How video compression works
Science & Technology
Introduction
Video compression is a crucial technology that enables the efficient transmission and storage of video data. In this article, we will explore the main principles of video compression using the widely-used H.264/AVC codec as a prime example.
Understanding Digital Images and Video
Digital images are composed of pixels, with each pixel's color represented using the RGB (Red, Green, Blue) model. Each primary color consists of 8 bits, resulting in 24 bits of information needed to transmit a single pixel. For instance, a full HD resolution image, which is commonly used, without any compression, requires approximately 50 megabits of data to transmit.
Considering that a standard streamed video contains about 25 frames per second, the uncompressed data rate escalates to 1.2 gigabits per second. Such high data transmission rates are not feasible, especially when the average internet data transfer speed reported at the end of 2023 was only 85 megabits per second.
The YUV Color Space
With the advent of color television, the YUV color space model became prevalent for video transmission and storage. This model employs three components:
- Y (luminance)
- Cr (chrominance)
- Cb (chrominance)
Each component also comprises 8 bits of information. The YUV model recognizes that humans are less sensitive to color details compared to brightness, and it allows for various chroma subsampling formats. The most common format, 4:2:0, transmits the luminance information fully while only half of the color samples are transmitted. Although this leads to some data loss, the difference may not be perceptible to the human eye.
Transmitting full HD video at 25 frames per second using this method requires about 600 megabits per second, still a significant amount of data, but much more manageable than the raw RGB method.
The Role of Encoders in Compression
To significantly reduce the size of video data while preserving high quality, encoders are utilized. For example, one second of full HD video compressed with an H.264/AVC encoder only requires 6 to 8 megabits per second, making it about 200 times less than without compression.
The core compression principle of any encoder lies in predicting video frames and transmitting the differences between the predicted and original frames. The efficiency of this compression process highly depends on the effectiveness of the prediction algorithms.
Frame Prediction Techniques
The H.264/AVC encoder operates by partitioning frames into microblocks, with a maximum size of 16x16 pixels. More complex areas can be divided further into smaller blocks of 4x4 pixels.
There are two types of prediction employed:
Intra Prediction (Spatial): The encoder looks at neighboring blocks within the same frame to create a prediction. Various modes, such as DC prediction and angular prediction, are utilized depending on the specifics of the blocks.
Inter Prediction (Temporal): The encoder searches for similar blocks in previous or subsequent frames. This type of prediction can be unidirectional or bidirectional, allowing for more advanced referencing.
Residual Information and Encoding
After predicting the frames, the encoder compares the predicted frame with the original frame and stores the differences, known as residual information. This information is transformed into frequency data through a discrete cosine transform, breaking it down into coefficients.

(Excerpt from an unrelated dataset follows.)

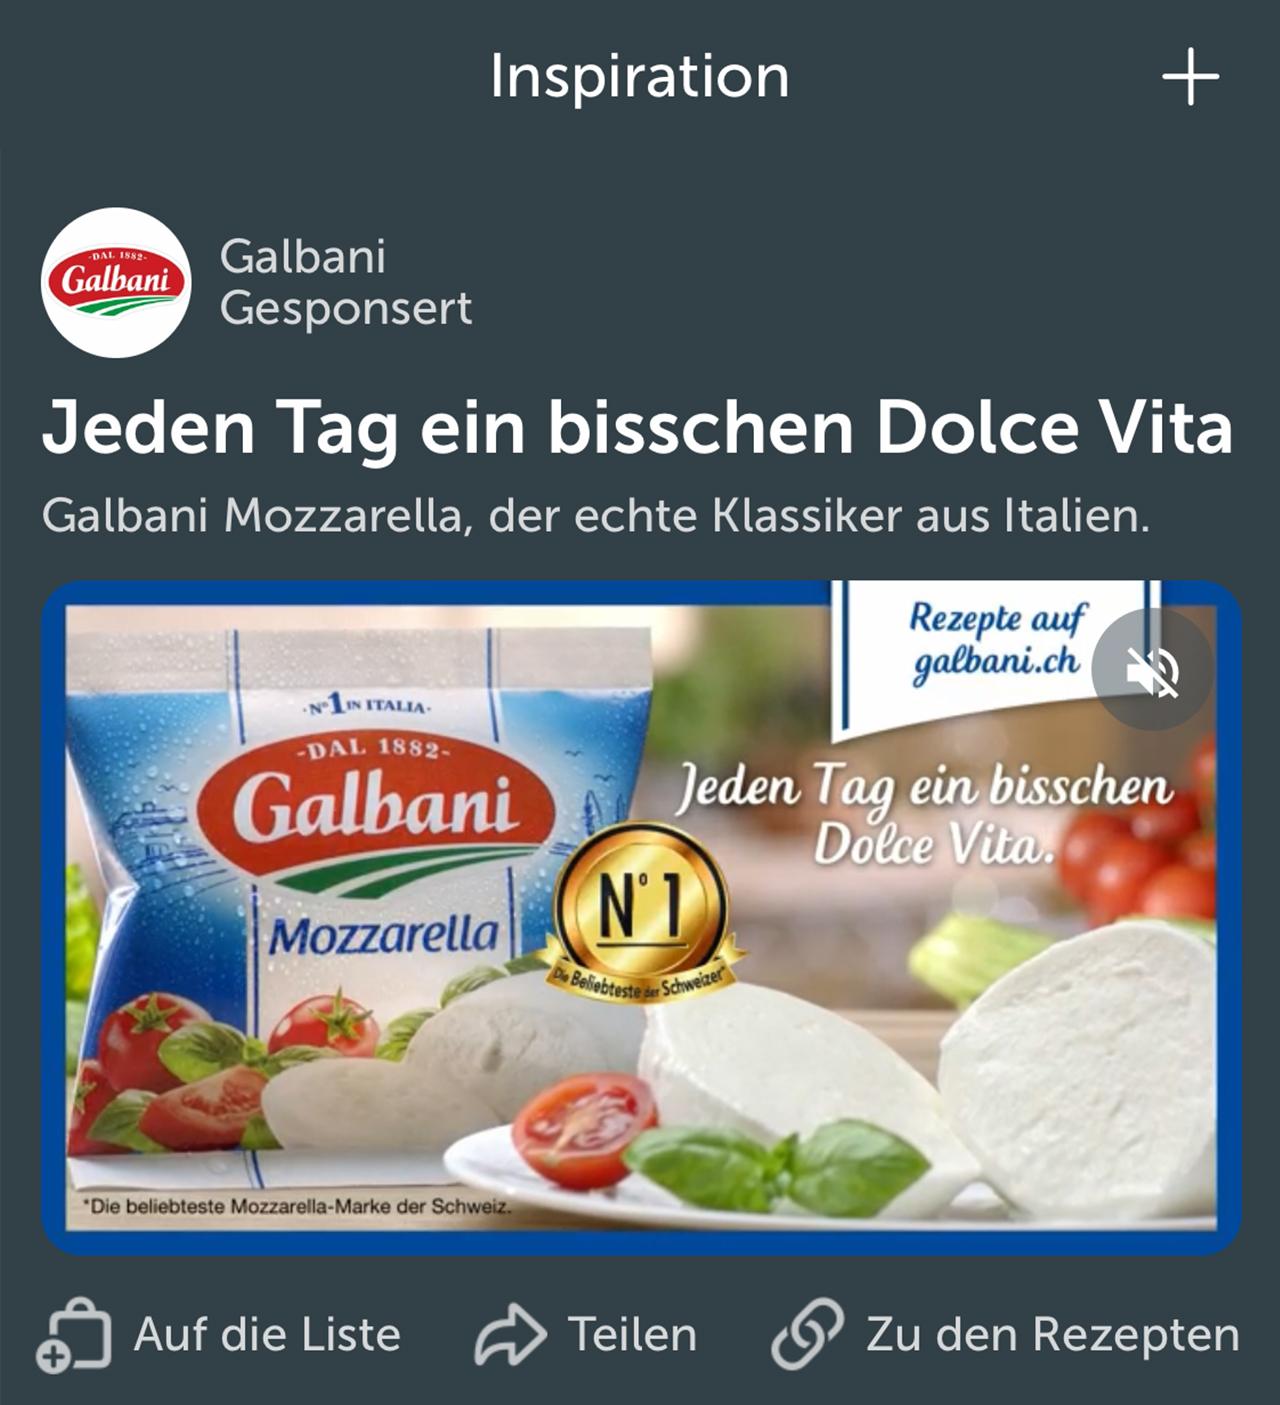 advertising-bring-app-sposored-video-galbani

To reduce data further, quantization is employed, where coefficients are divided by an integer, creating numerous zeros and negligible values. At the final encoding stage, the quantized coefficients undergo entropy encoding to match frequent values with shorter code words.
Decoding Process
The decoding process reverses the operations performed by the encoder, reconstructing the uncompressed YUV frames. These frames are then converted back to RGB for display.
Conclusion
Modern encoders leverage more sophisticated techniques in frame partitioning, prediction, and redundancy elimination for better compression efficiency. The principles described in this article can be applied to other codecs as well and form a solid foundation for understanding video compression technology.
Keywords
- Video Compression
- H.264/AVC Codec
- RGB Model
- Full HD Resolution
- YUV Color Space
- Chroma Subsampling
- Frame Prediction
- Intra Prediction
- Inter Prediction
- Residual Information
- Quantization
- Entropy Encoding
FAQ
Q1: What is video compression?
A1: Video compression is a process that reduces the amount of data required to store or transmit video files while retaining acceptable quality.
Q2: How does the H.264 codec reduce data size?

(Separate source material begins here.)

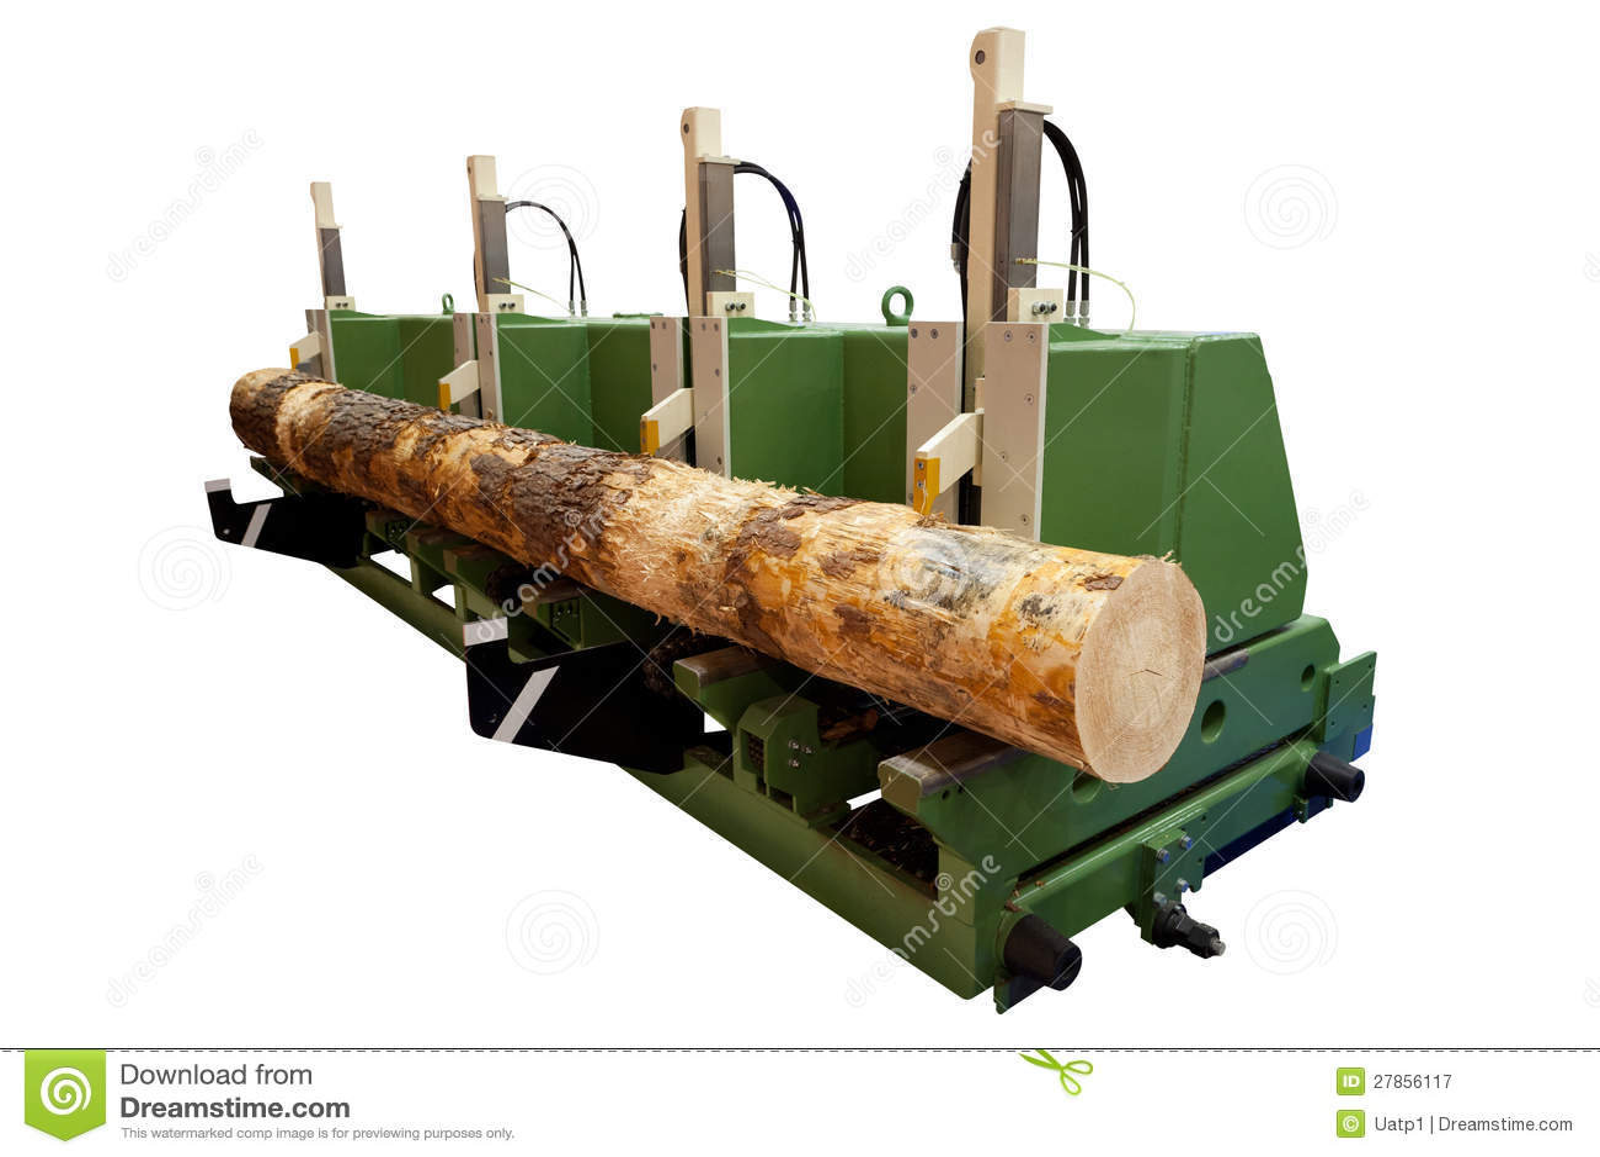 Woodworking fabryka

A2: The H.264 codec compresses video by using techniques such as frame prediction, spatial and temporal compression, and quantization to minimize data while maintaining quality.

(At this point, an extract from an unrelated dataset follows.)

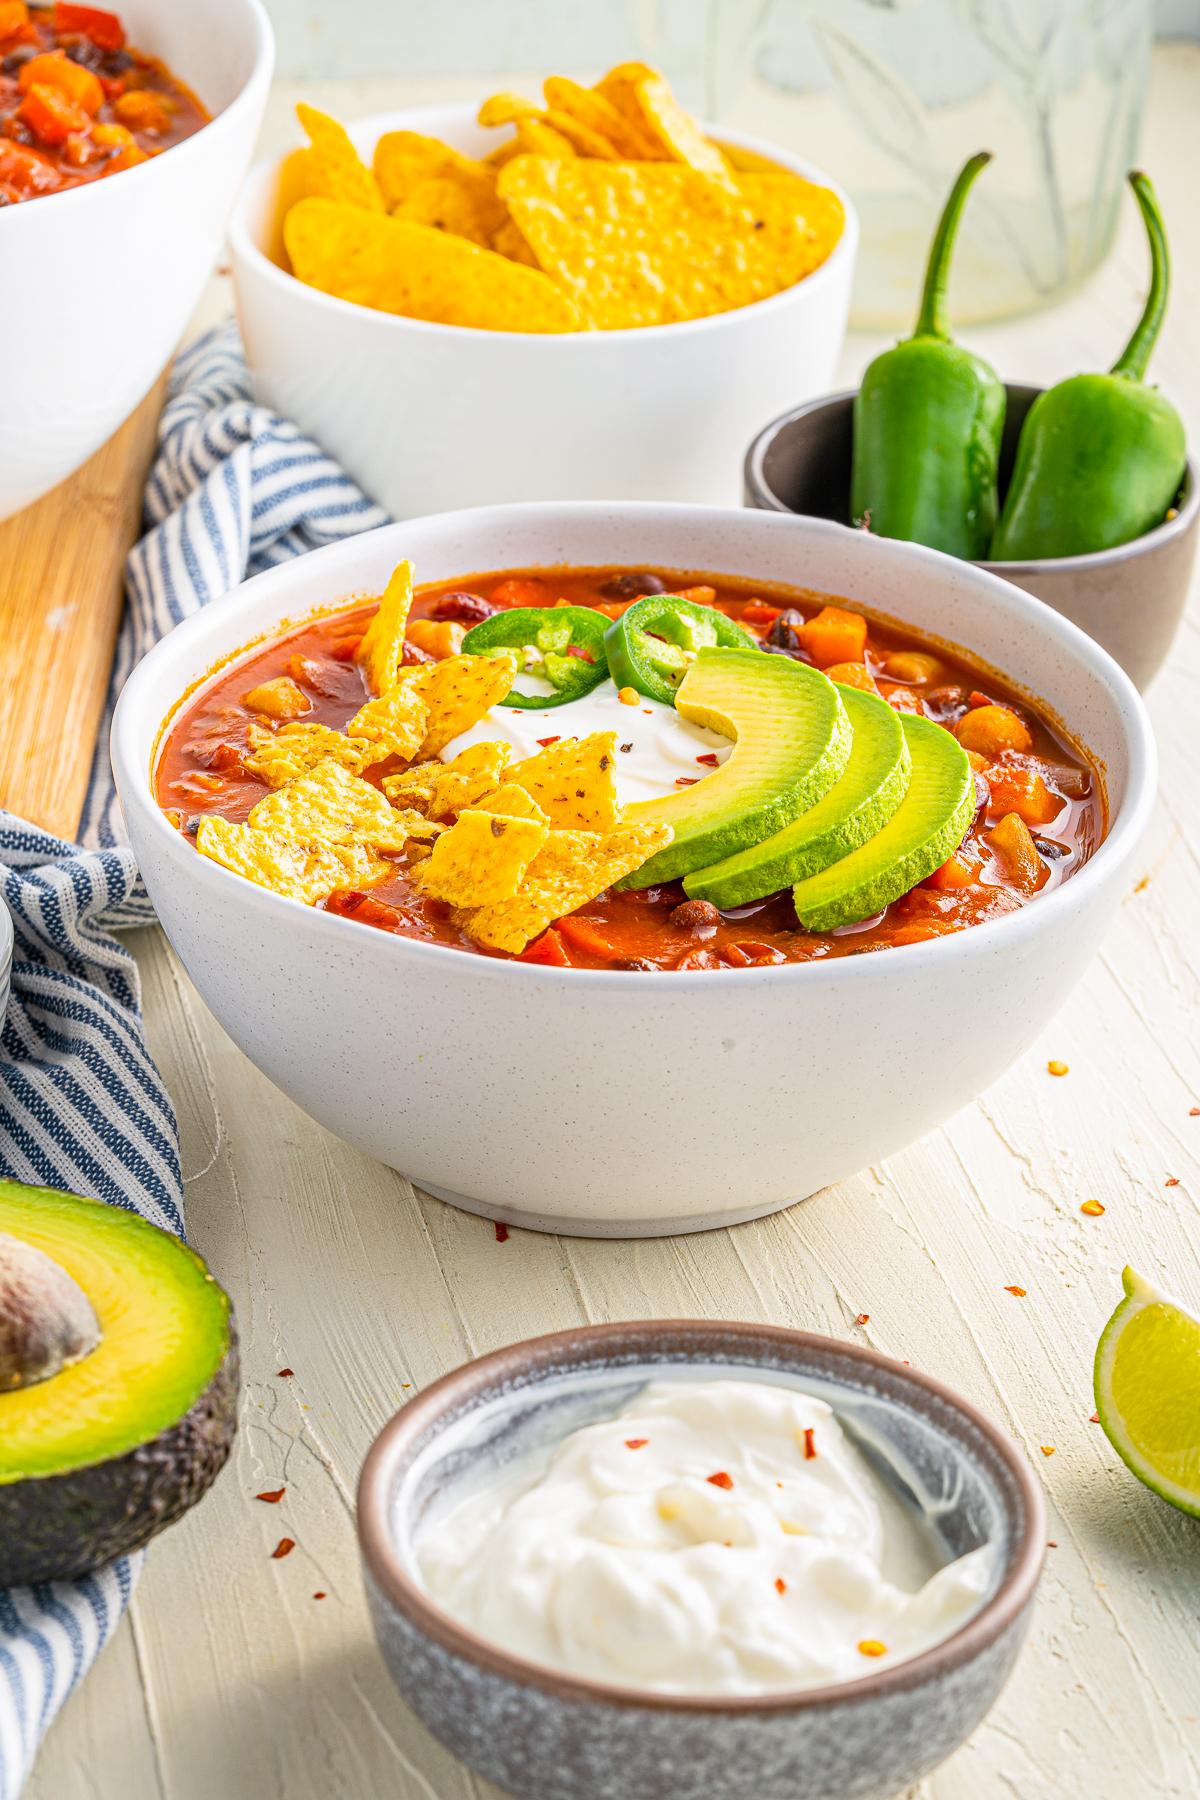 Vegetarian Chili Recipe in bowl with garnishes and garnishes around bowl.

Q3: What is the difference between intra and inter prediction?
A3: Intra prediction refers to predicting a block using information from neighboring blocks within the same frame, while inter prediction uses information from other frames.
Q4: What is quantization in video encoding?
A4: Quantization is the process of reducing the precision of the coefficients derived from the discrete cosine transform, which helps in minimizing data size by discarding less significant values.
Q5: What are residuals in video compression?
A5: Residuals are the differences between the predicted frame and the original frame, which are stored and processed to reconstruct the final video output.